- **PROMPT**:
What is needed here is an exact repetition of the records below, beginning at the line that has "The next big" and stopping after the line that has "A bowl of savory".

- **DATA RECORDS**:
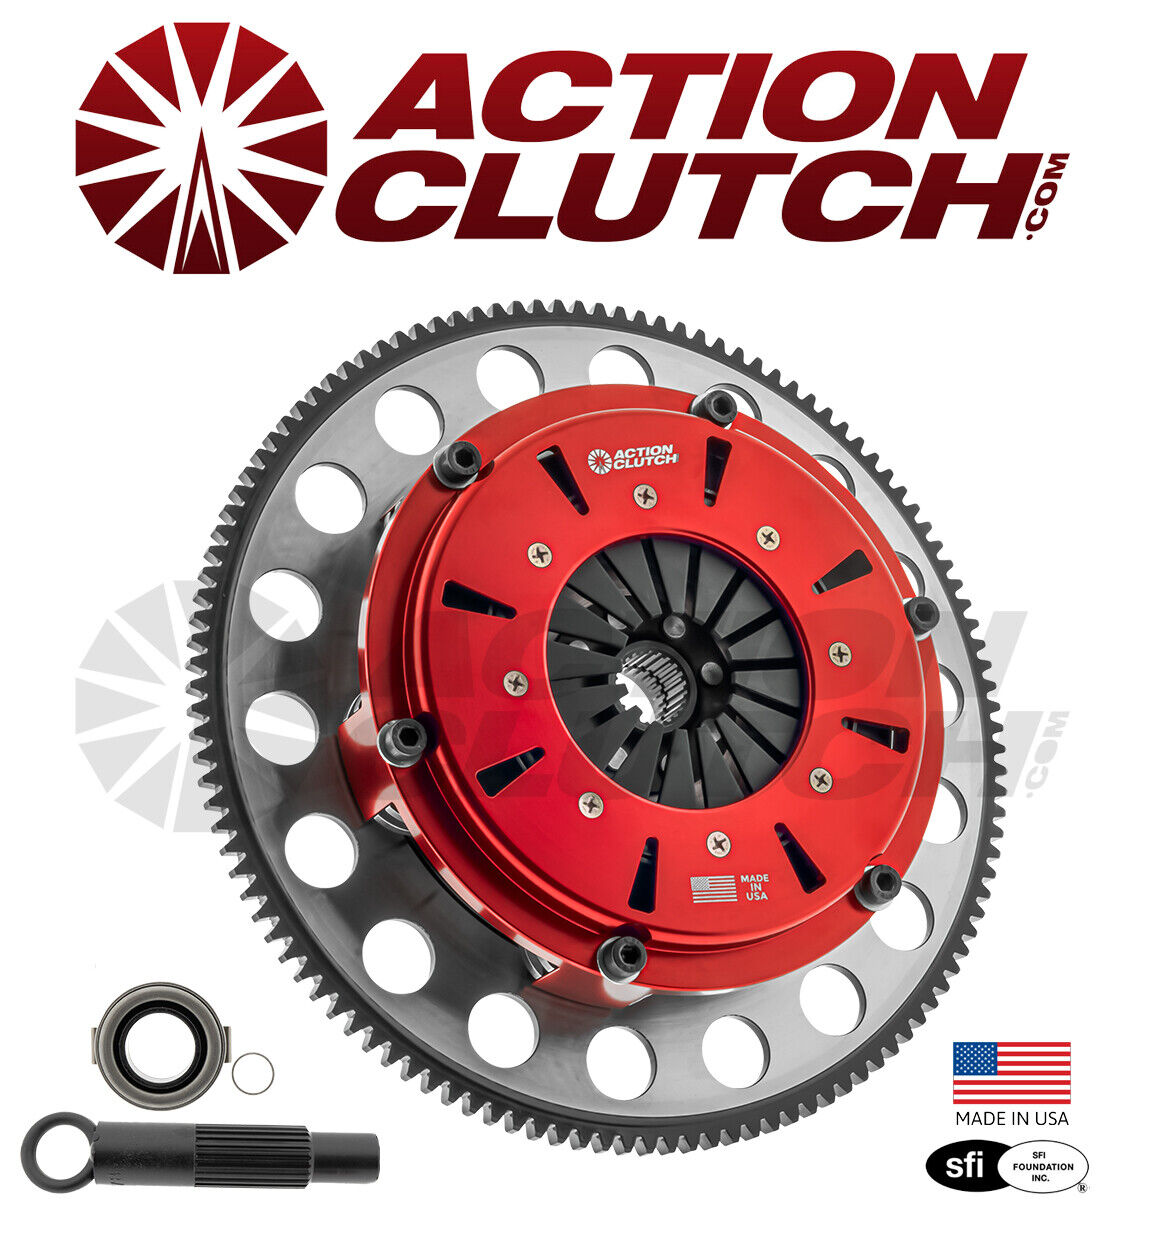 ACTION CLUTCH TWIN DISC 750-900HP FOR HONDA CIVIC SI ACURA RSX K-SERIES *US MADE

==

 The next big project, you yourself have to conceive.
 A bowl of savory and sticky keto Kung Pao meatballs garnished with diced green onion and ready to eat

- **RESPONSE BOX**:
 The next big project, you yourself have to conceive.
 A bowl of savory and sticky keto Kung Pao meatballs garnished with diced green onion and ready to eat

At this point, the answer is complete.